Word for word, restate the lines from the one containing "adidas women's adipure sport golf shoe" through the last line of the material, and include no pictures.

Dataset content -
* * * *

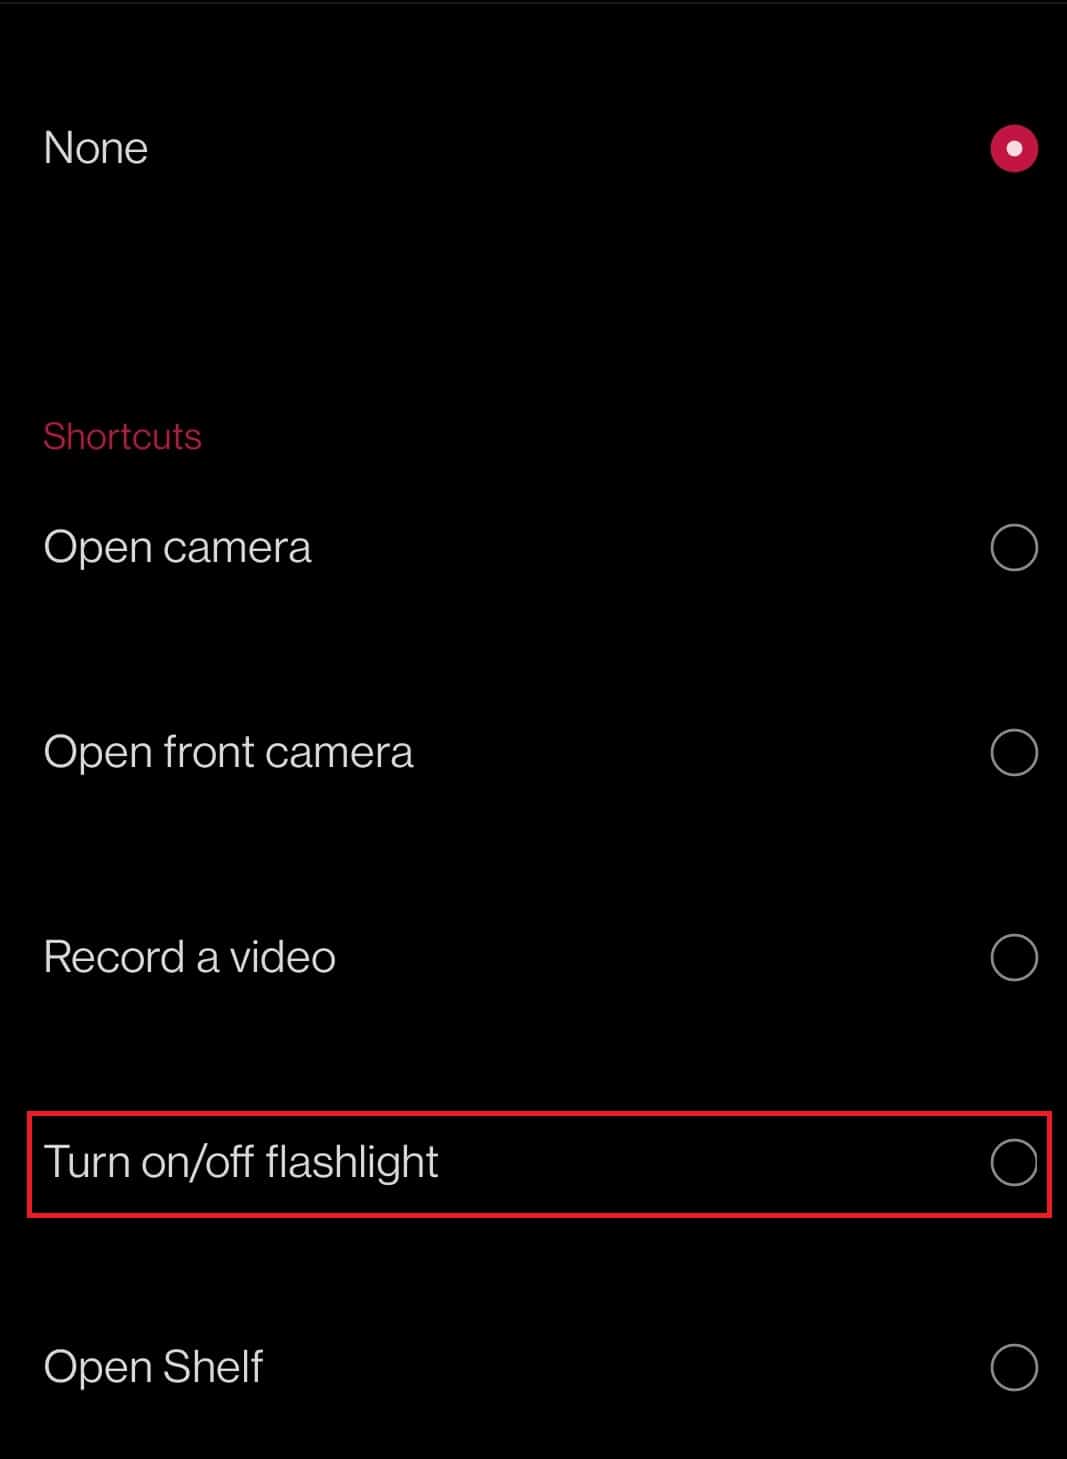 Tap the option Turn on/off flashlight.
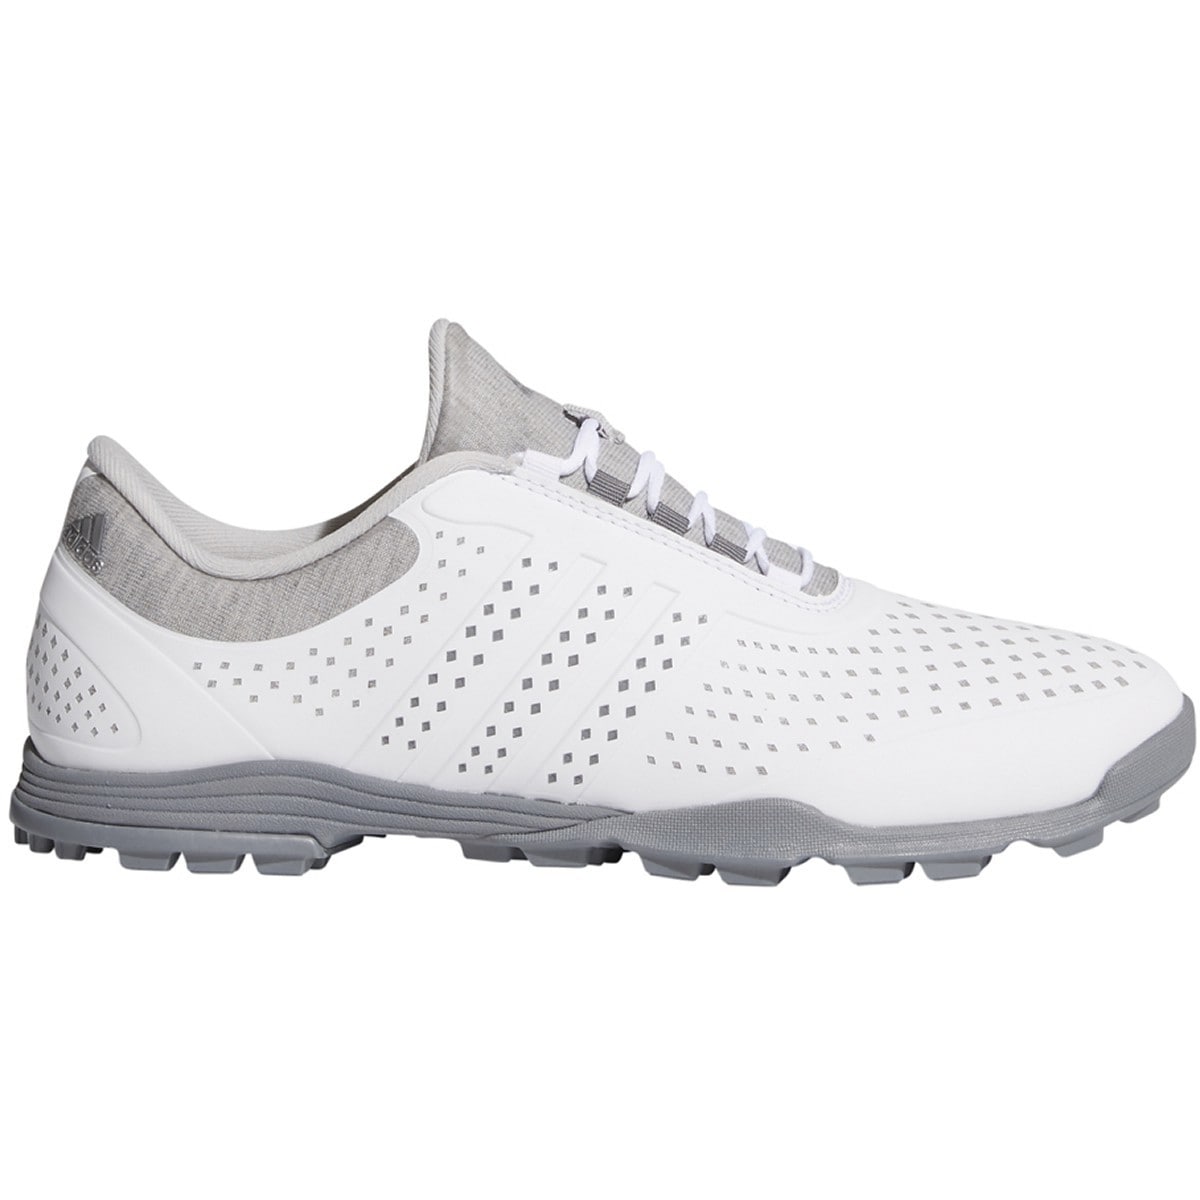 adidas women's adipure sport golf shoe
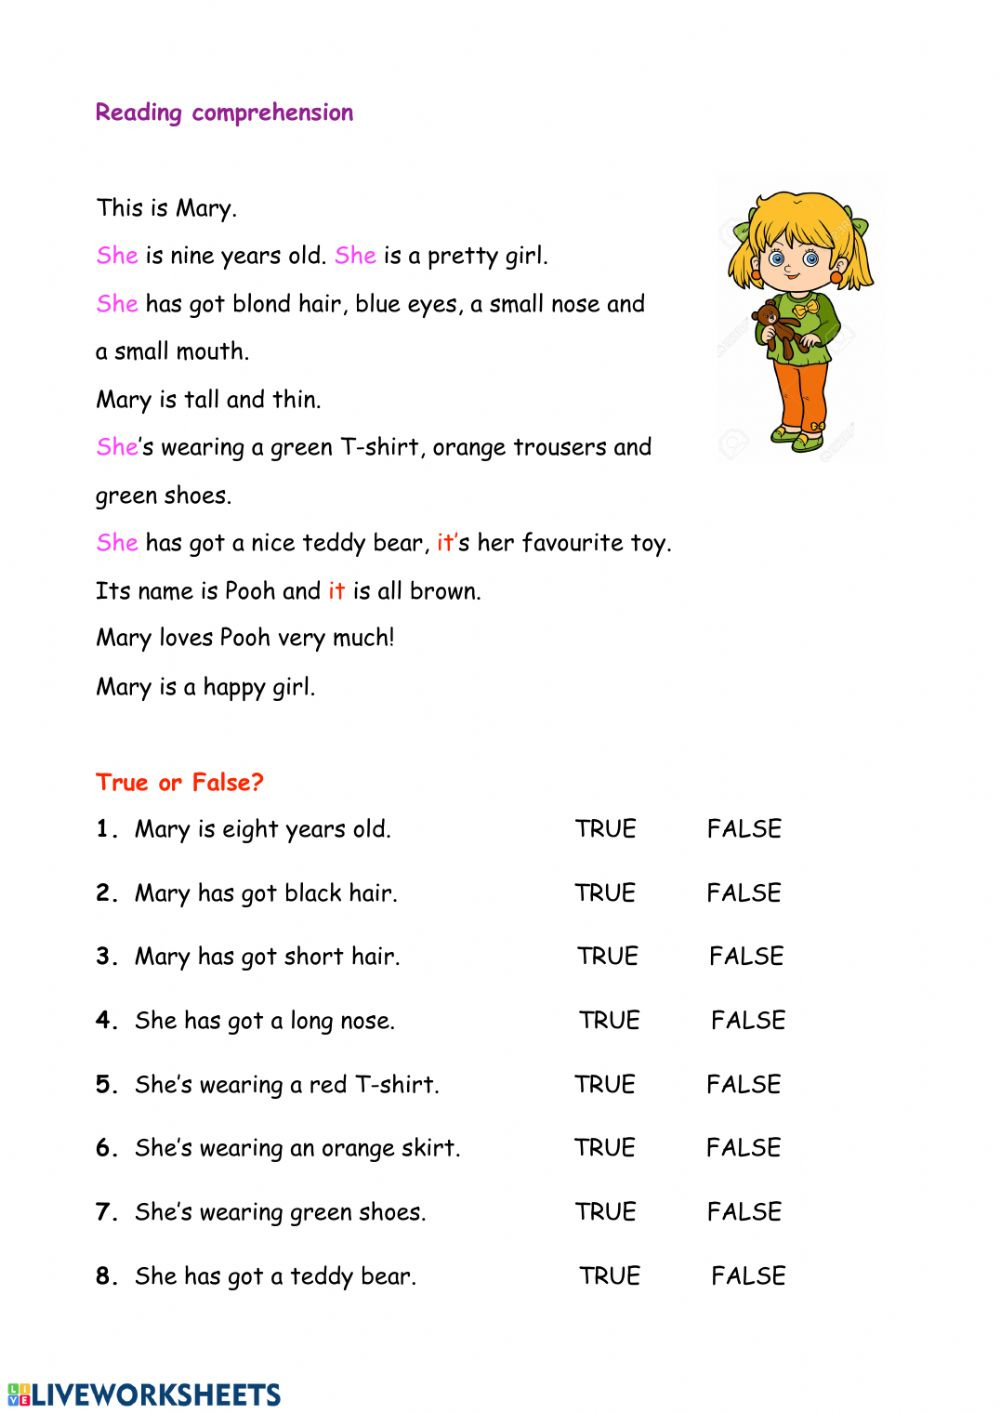 Reading Comprehension Activity For 4 Primary School
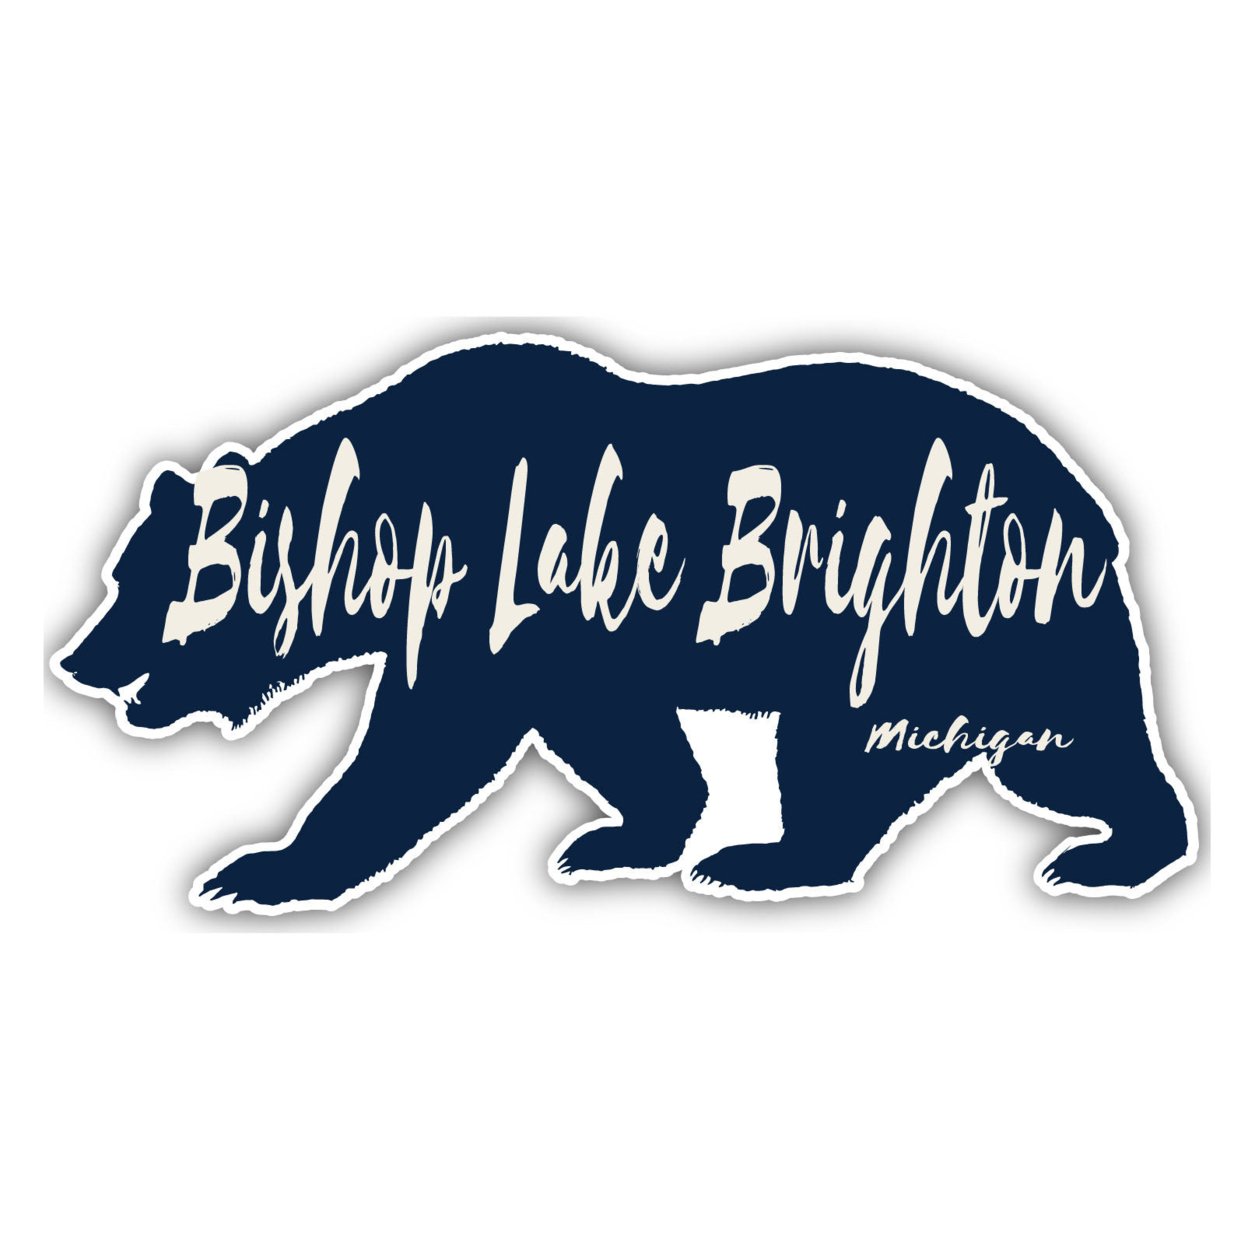 Bishop Lake Brighton Michigan Souvenir Decorative Stickers (Choose Theme And Size) - Single Unit, 6-Inch, Bear

* * * *

Response for this exercise -
 adidas women's adipure sport golf shoe
 Reading Comprehension Activity For 4 Primary School
 Bishop Lake Brighton Michigan Souvenir Decorative Stickers (Choose Theme And Size) - Single Unit, 6-Inch, Bear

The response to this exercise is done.